Carefully treated moustache has gently lifted up. That’s Prabhu’s smile.
„I think, therefore, that my dream is to be with nature“, I continue, while I am gazing at Annapurna range, which emerges just for a few seconds out of the clouds, „with nature in any of its form“.
„Do you have a fear?“
„I am lucky that I don’t have any, which would limit me somehow. I don’t understand the fear from flying – it is just a beautiful feeling to go somewhere far beyond, isn’t it? I don‘t understand the fear from spiders and snakes – they are just perfect creatures and their only „sin“ is that they are not similar to human beings. I don‘t understand the fear from heights – your trembling legs are just reminding you how beautiful is to see the world from above, differently than usually.”
I look at Prabhu’s face, but I can hardly look into his eyes, they are hidden behind stylish sunglasses.
”But I have one. I am afraid I’ll lose my family.”
“Why should you lose it?”
“Because I know I will lose it one day. So, I don’t even know whether I should call it fear. I should rather call it a feeling, or a reminder, to understand every time again and to forget that the time we have, we have to use properly and fully. The loss will come naturally. It is a sign of the natural cycle of life and death, which I accept and I am not building up any resistance to it. So it is not the fear I want to fight with. It is rather a feeling that tells me that I have to live here and now and that I should always consider the time with my beloved ones as unique”.

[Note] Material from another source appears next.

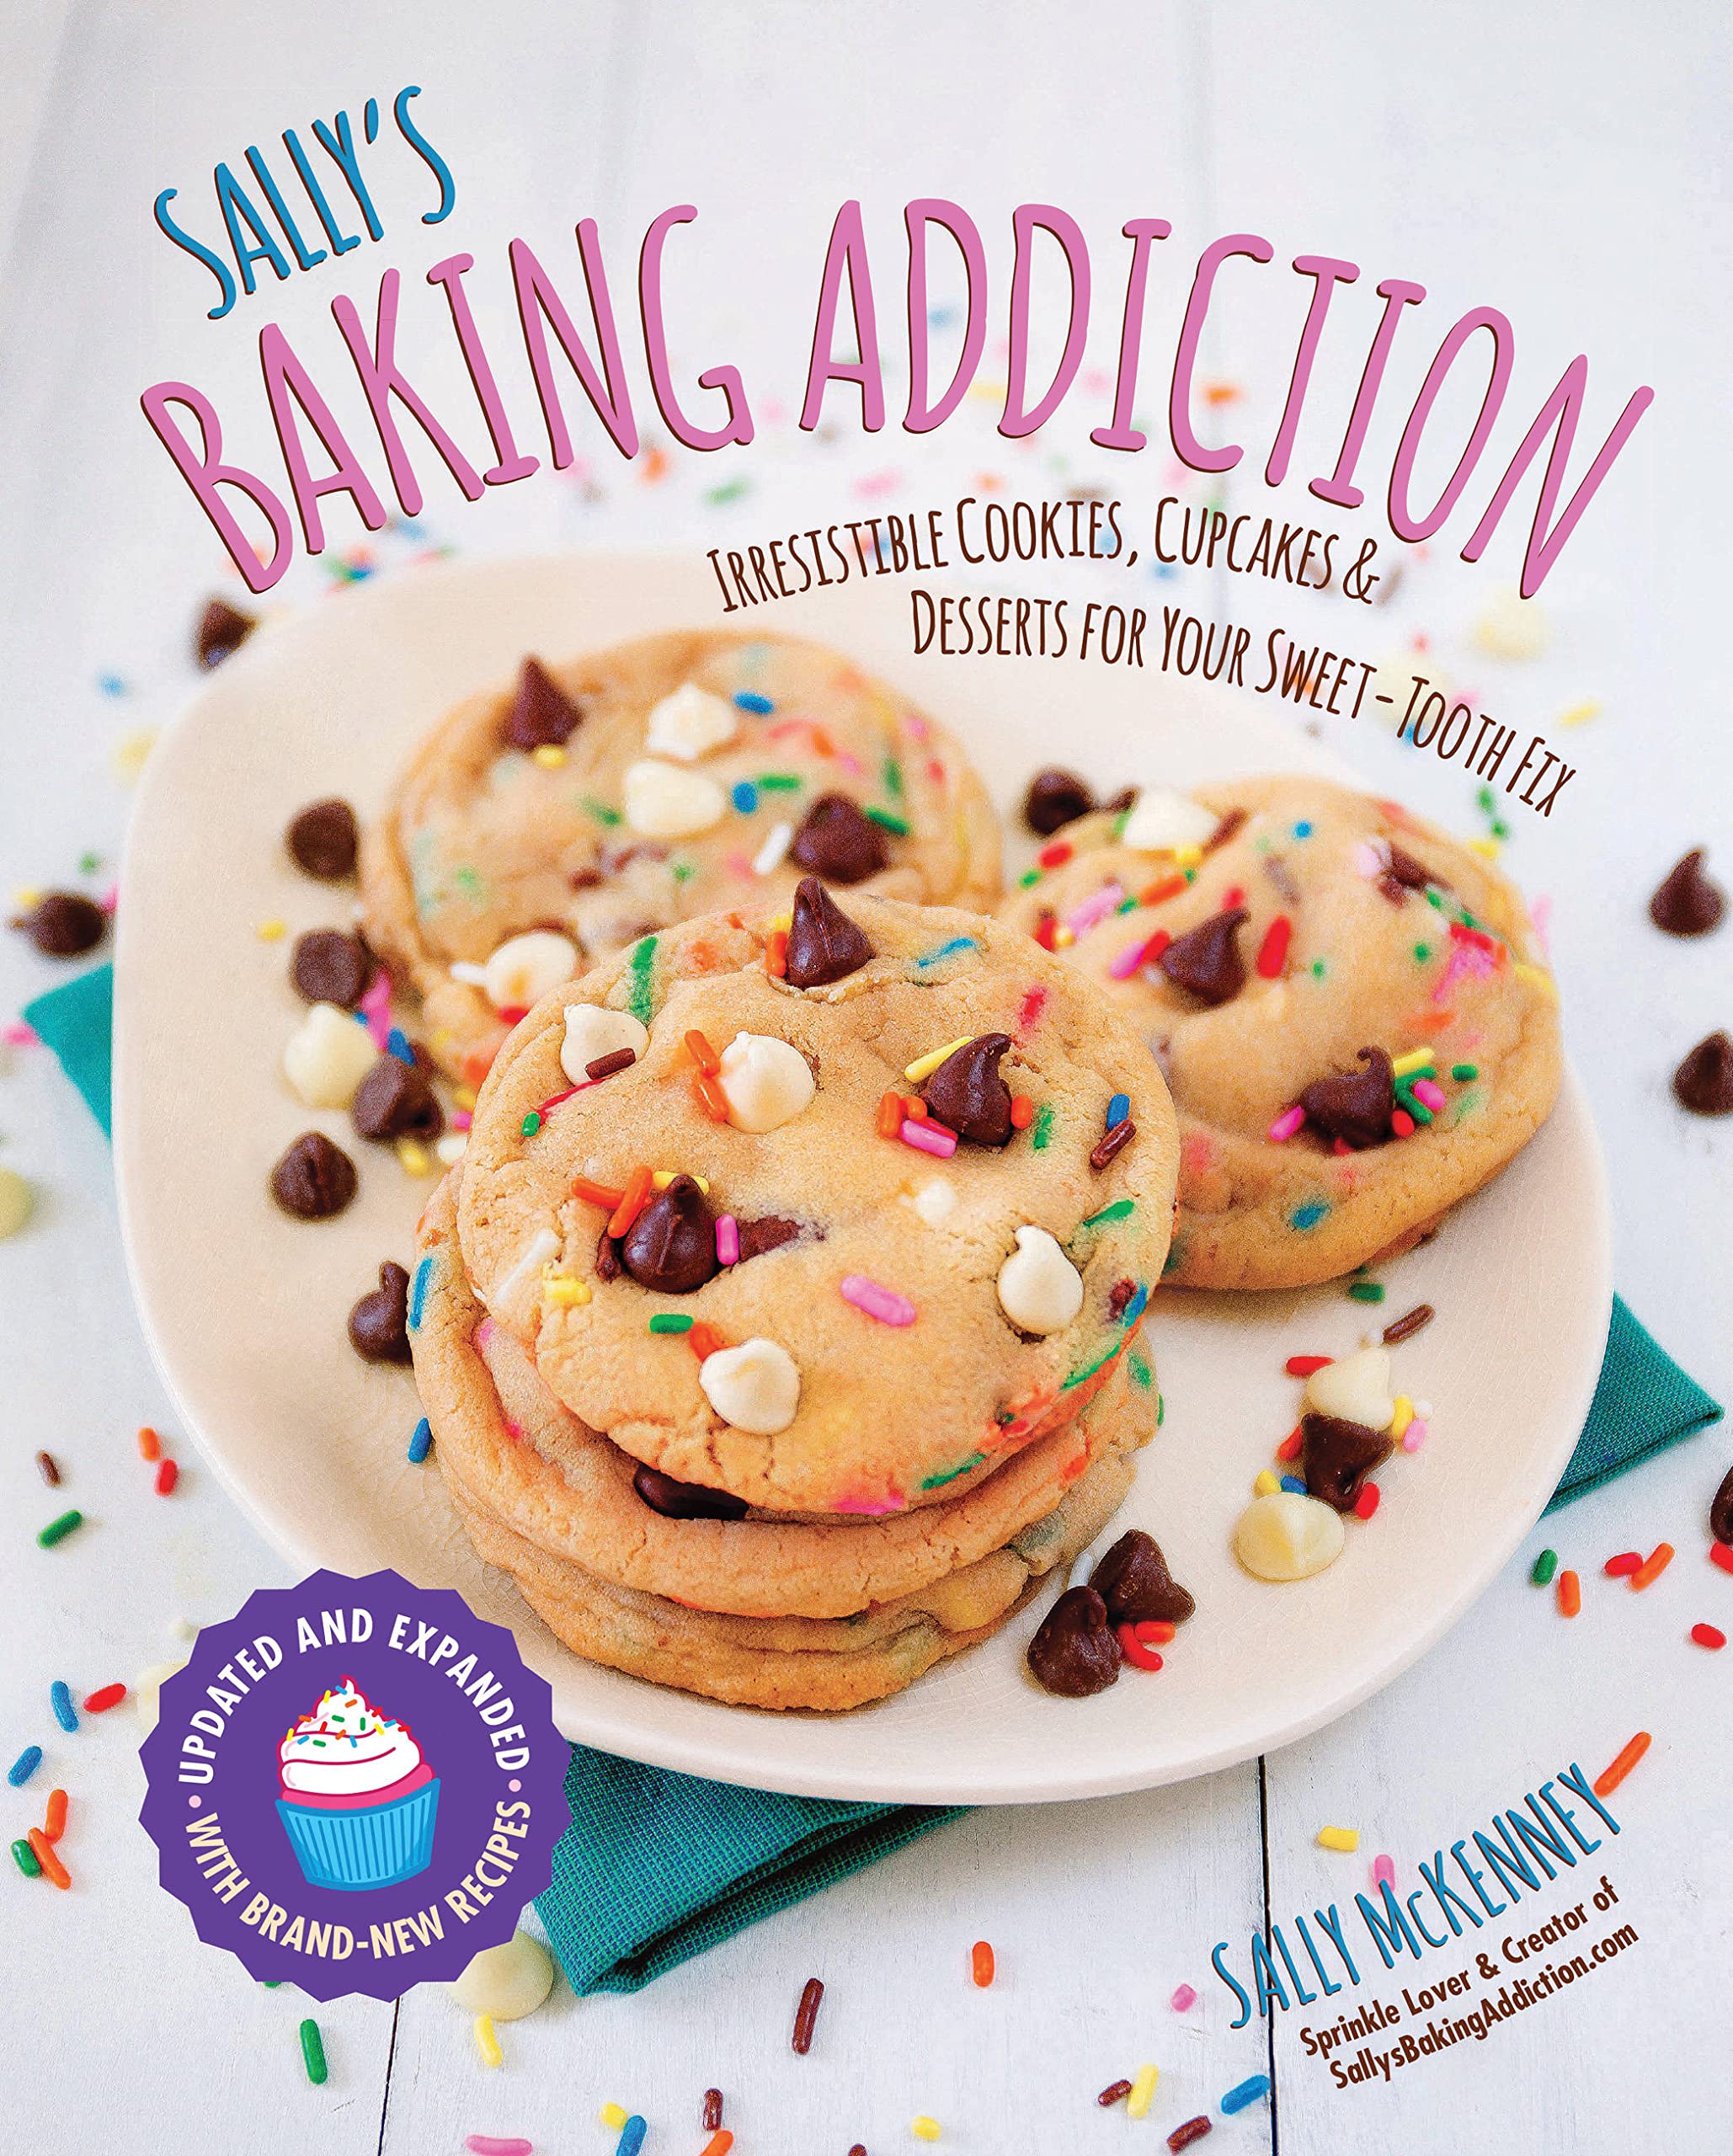 Sally's Baking Addiction: Irresistible Cookies, Cupcakes, and Desserts for Your Sweet-Tooth Fix (Volume 1) (Sally's Baking Addiction, 1)

But you can not really lose someone.
I’m still far away. I am still in Nepal.
I know it is time to move. Go back to India. There is one challenging task, which I know already, waiting for me. Well, and also many unknown. Beautifully unknown. I also washed my backpack. Partly because it really deserved to be cleaned after ”I rode on it” in the tractor trailer, while the tractor took us over Maure Lagna pass. It survived this ride with many dirty wounds, but my butt was saved that time thanks to it. Well, and partly I cleaned it as a ritual. So I can start a new part of my journey clean again and I have feeling that I am starting from home again. Since returning from mountains I have lived with my friends place at their place in Pokhara for longer time. We actually don´t feel I am guest here, I think we just are together here, so naturally. Yet finally, I have bought a flight ticket from Nepal at the last day of my Nepalese visa.
Even though I’m far away, I feel like at home.
In the middle of the mountains. Mountains as high as you probably can not imagine.
And the energy of the mountains.
Vibrant, disarming any resistance to accept things as they are, and multiplying my senses. I don’t know if you can imagine it.
And interviews with them that you definitely can not imagine. Because neither I myself could have imagined this before.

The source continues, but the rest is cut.